The condition known as carpal tunnel syndrome came to light only in the past few decades, and even still little is known about the cause of it.
Doctors are making incredible strides in treating carpal tunnel though.
Ten years ago Christi McWilliams quit her job as a police dispatcher and followed her dream by enrolling in hair school.
Not long after Christi started styling hair, her hands and wrists started cramping up.
"The continuous repetition of doing hair put it into full-blown, horrible pain," said Christi.
At that point, Christi suspected carpal tunnel syndrome, but she managed her pain with massages and limited rest.
"When you're not behind your chair, you're not able to make money. That was part of the reason why I just dealt with it. I just made it work I guess," said Christi.
It got to the point where Christi was hurting so much that this talented hair stylist would drop her hairdryer on customers heads, because she just couldn't hold on anymore.
Finally, last year a friend recommended a new procedure that would only have Christi down for 1-2 weeks and she could get both hands done at once.
"The doctor sent me upstairs and I had a nerve test. By the end of the week, I had surgery scheduled because at that point it was so horrible. It was just ridiculous," said Christi.
Dr. Ellis Cooper III with the Orthopedic Specialists in Shreveport said Christi proved to be a perfect candidate for what's called endoscopic carpal tunnel release.
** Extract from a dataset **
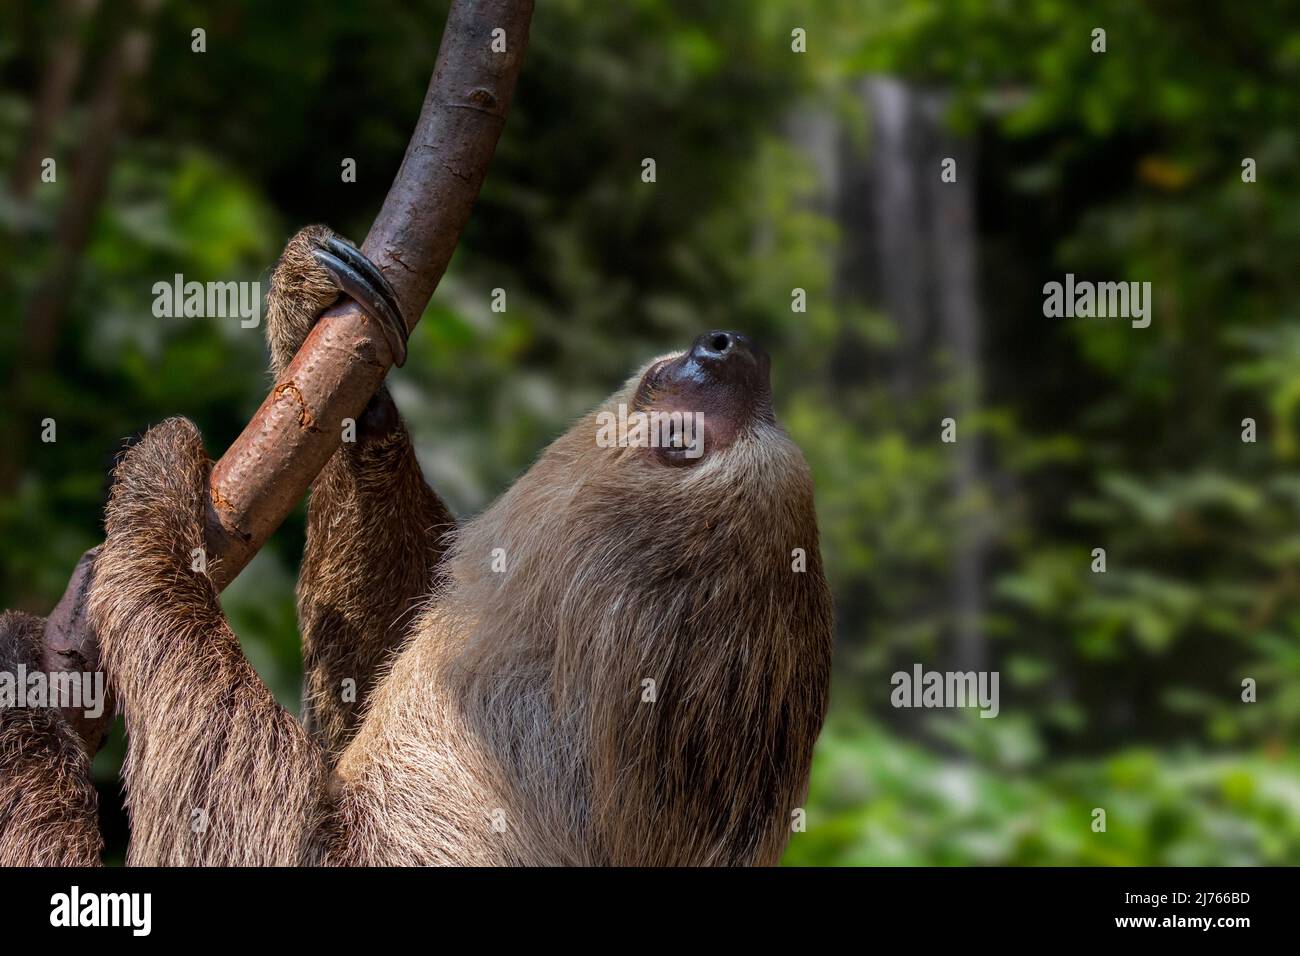 Sloth à deux doigts de Linnaeus / Sloth à deux doigts de sud / Sloth à deux doigts de Linne (Choloepus didactylus / Bradypus didactylus) arbre d'escalade, Amérique du Sud Banque D'Images

"In this scenario, instead of making a large incision at the base of your palm we actually make a much smaller, less-than-a-centimeter incision at the level of your wrist," said Cooper.
Through the use of a tiny camera, Cooper was able to operate on Christi in just ten minutes.
For Christi, the short recovery time was ideal.
"Patients are able to get back to their normal activities much sooner than with an open release," said Cooper.
"I sleep better. I feel like I'm a new person having hands that are not in so much pain," said Christi.
Now she's back at work and recommending Cooper whenever she gets the chance.
Cooper is one of just a handful of orthopedic specialists in the Ark La Tex who performs the less invasive carpal tunnel release.